Electronic signature transactions have skyrocketed from $89 million to $754 million in just five years in the United States. In addition to the convenience they offer, e-signatures save money and time, increase productivity, and reduce errors. In fact, among businesses who use e-signatures, 81% experience an ROI in a single 12-month budget cycle, while 25% experience that in three months or earlier, according to AIIM, an association for information professionals.
The CMS Internet-Only manual (IOM) Publication 100-08, Medicare Program Integrity Manual, requires that any service provided or ordered be authenticated by the author with a legible identifier. The method may be handwritten or electronic and each entry must include the practitioner’s first and last name. Medicare requires all patient medical record entries to be legible, complete, dated, timed and authenticated in written or electronic form by the person responsible for providing or evaluating the service provided.
The purpose of requiring a practitioner’s signature in patients’ medical records, reports, orders, test results and other records, is to show that services submitted to Medicare in the form of claims have been accurately and fully documented, reviewed and authenticated. It also confirms that the provider has certified the medical necessity and reasonableness for the service(s) submitted to Medicare for payment.
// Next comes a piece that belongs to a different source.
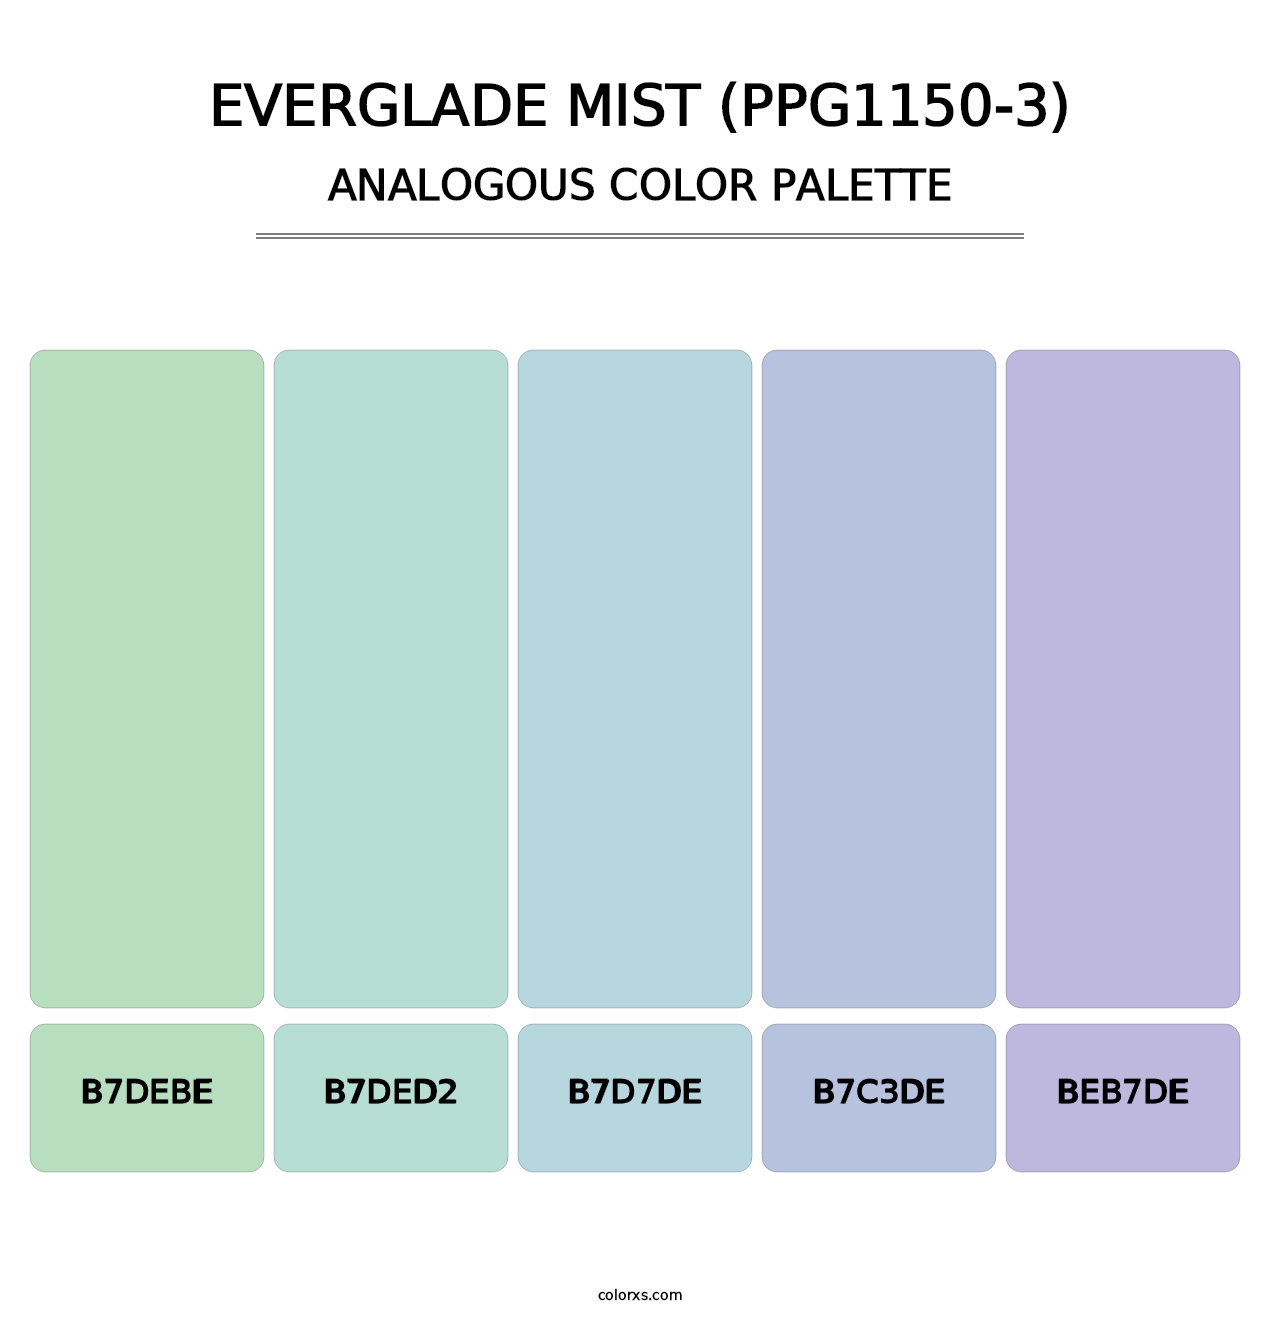 Everglade Mist (PPG1150-3) - Analogous Color Palette

Hospitals must be able to verify written and e-signatures, written initials, codes and stamps when used for authorship identification, as well as demonstrate the integrity of entries and verification of e-signatures and authorizations for auditors.
HIPAA allows e-signatures to be used for authorization, but the law doesn’t provide any specific requirements. However, HIPAA does require that covered entities put proper security safeguards in place.
Examples of Acceptable E-Signatures:
- Chart “Accepted by” with provider’s name
- “Electronically signed by” with provider’s name
- “Verified by” with provider’s name
- “Reviewed by” with provider’s name
- “Released by” with provider’s name
- “Signed before import by” with provider’s name
- Digitalized signature: Handwritten and scanned into the computer
- “This is an electronically verified report by John Smith, MD”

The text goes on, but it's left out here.